I also see informal volunteer opportunities for older archivists, librarians, records managers, and historians. For my generation, this increasingly is a time for listening and learning and looking for ways to boost others’ voices. Those voices need not mirror our experiences; in fact, it’s better that they don’t. (Because I’m happy personally in my NARA community, I find joy in seeing the highly diverse and individual ways others find professional happiness and express it IRL or online.)
Shorter version: We need to be challenged and to challenge others and to stop and think about what we’re hearing as we walk around in a wider world beyond our own block or neighborhood.

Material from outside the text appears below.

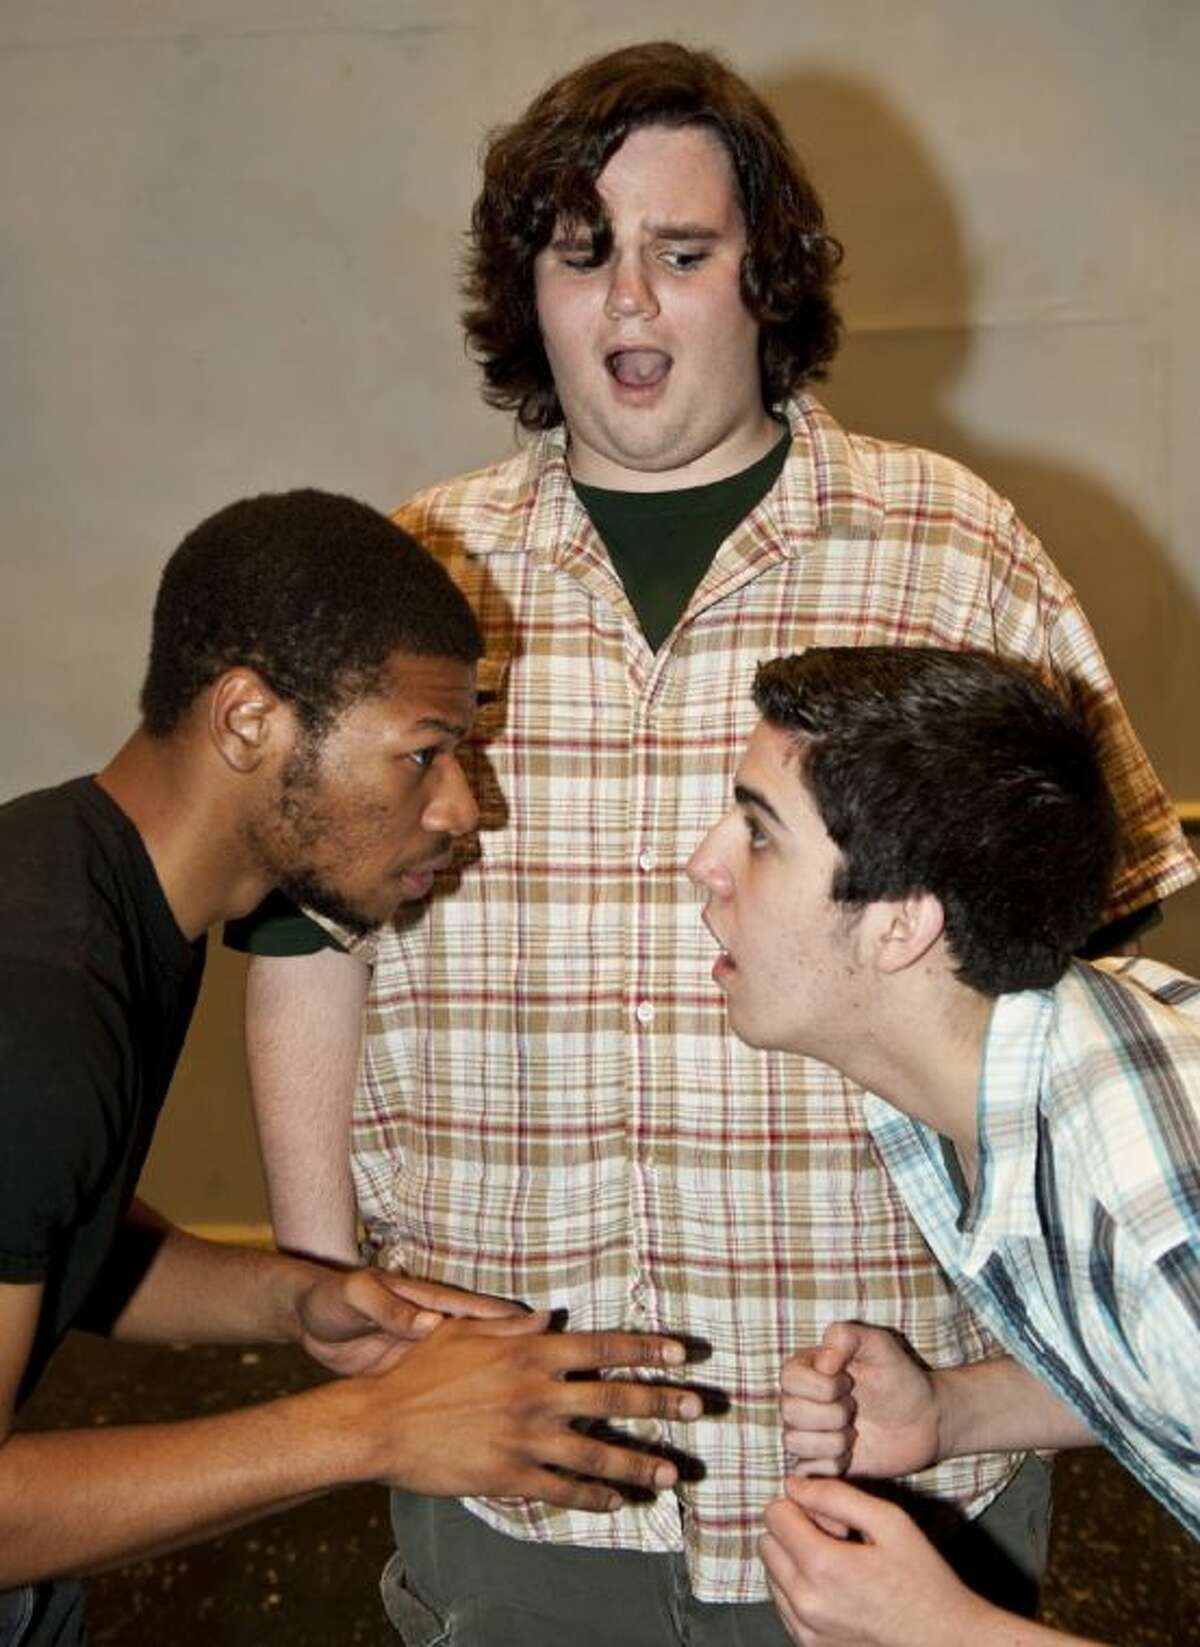 King Sextimus the Silent (left, Dillon Dewitt of Alvin) begins to tell his grown son, Prince Dauntless the Drab (right, Chase Folwell of Dickinson) about the birds and the bees, while the Court Jester (Sammie Ford of Dickinson) looks on in a rehearsal of Alvin Community College’s production of the lighthearted musical Once Upon a Mattress.
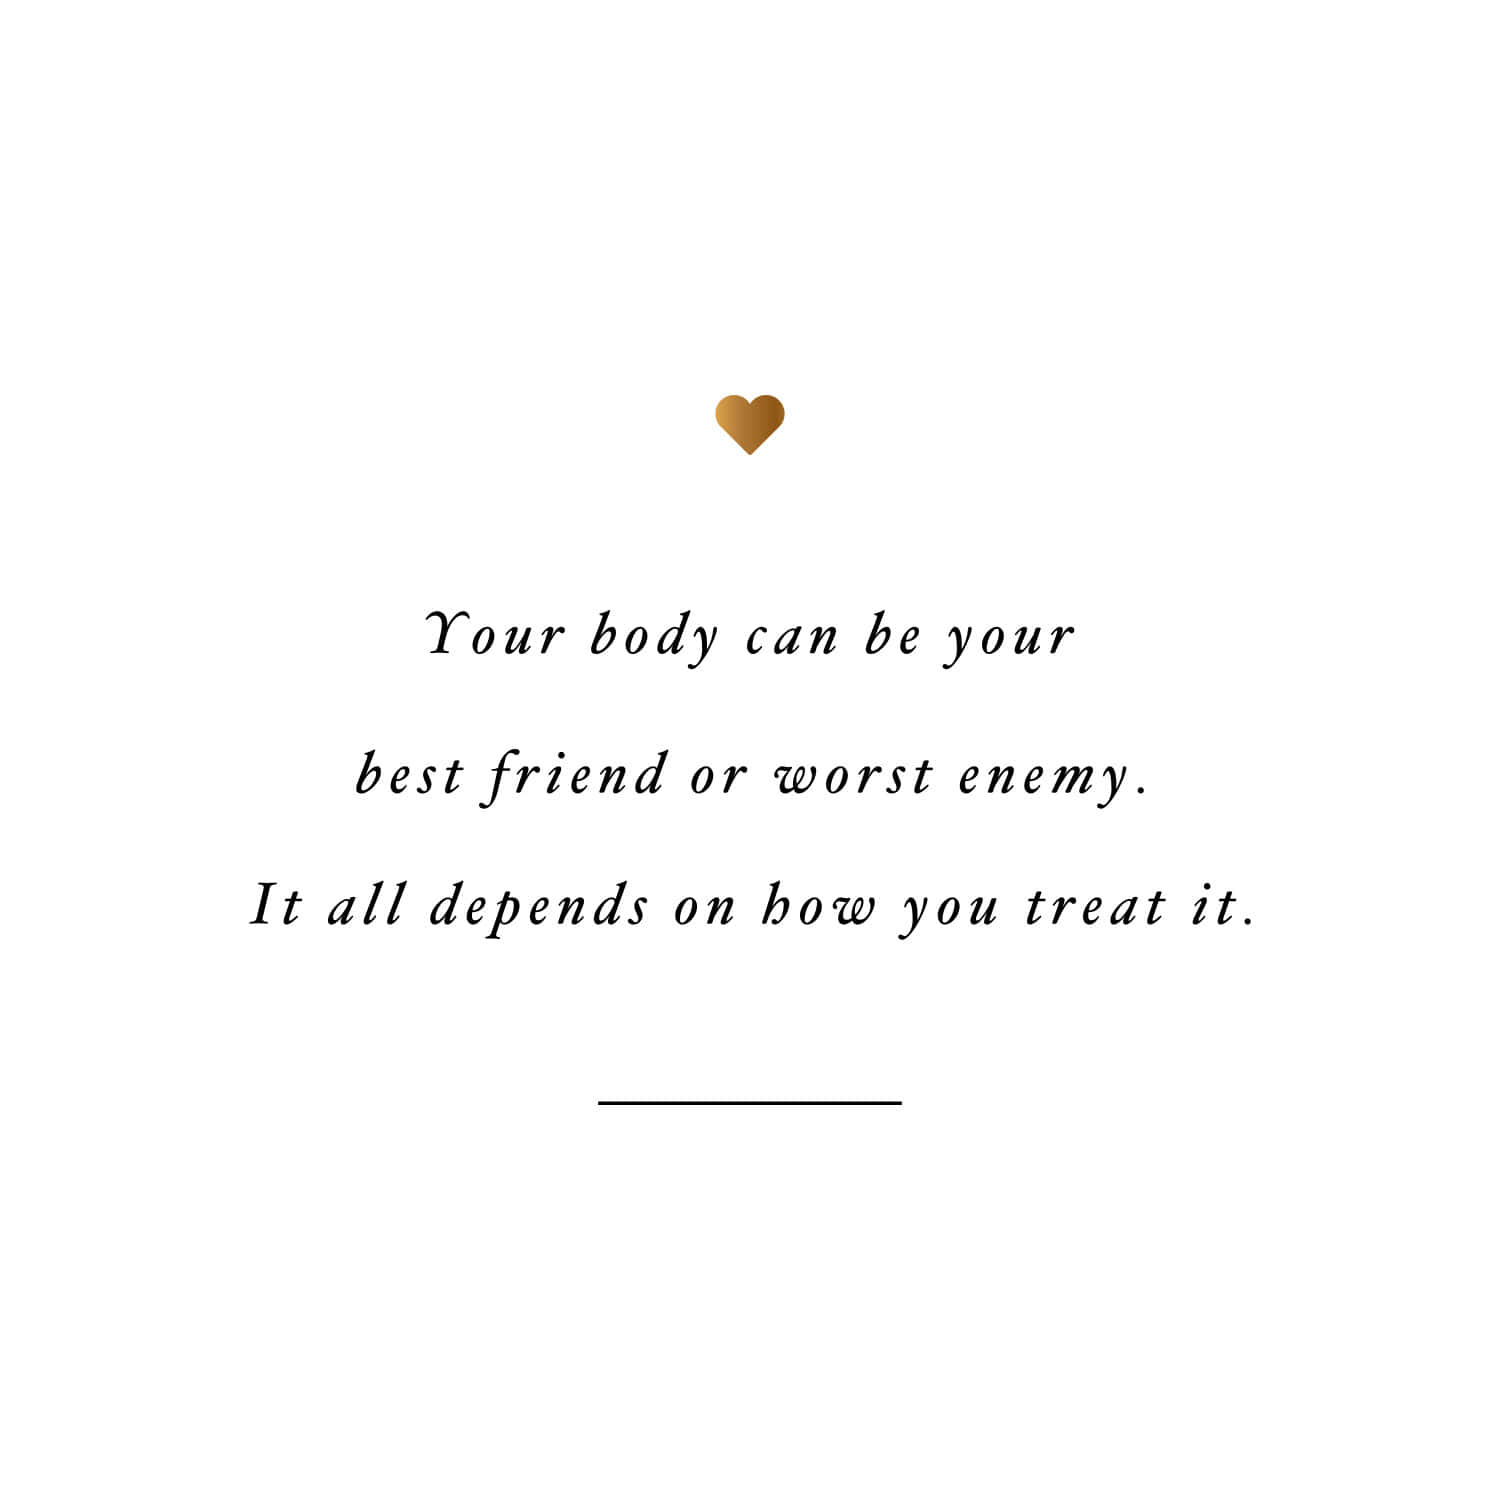 Body_ Friend_or_ Enemy_ Health_ Quote Wallpaper

In recent years, many younger archivists and records managers such as Eira Tansey, Brad Houston, Ashley Stevens, Sam Winn, Stacie Williams, have made their names in newer forums, such as Twitter, blog posts on Medium or WordPress, the SAA Records Management Round Table blog (The Schedule), and in conference and unconference presentations. And in those serendipitous chance hallway encounters that David Ferriero described as a Supervisory Librarian in “Burnout at the Reference Desk”
Others, such as Bergis Jules and Jarrett Drake, have stepped outside the SAA framework to tackle archival silences. And to ask hard questions about inclusion and professional identity. And about risk aversion, avoidance, even seemingly deliberate neglect, in individual and institutional choices that affect archives, records, identity, personhood, history.
Let’s challenge the powers that be where we can. Challenge others to challenge them, as well. To be situationally aware. Sophisticated in our assessments of what we read online. Humble about what we don’t know. And especially for those with the privileges and means and capacity to act to help others, to use our archival power to the extent we can. To reach farther. And not be afraid to dare.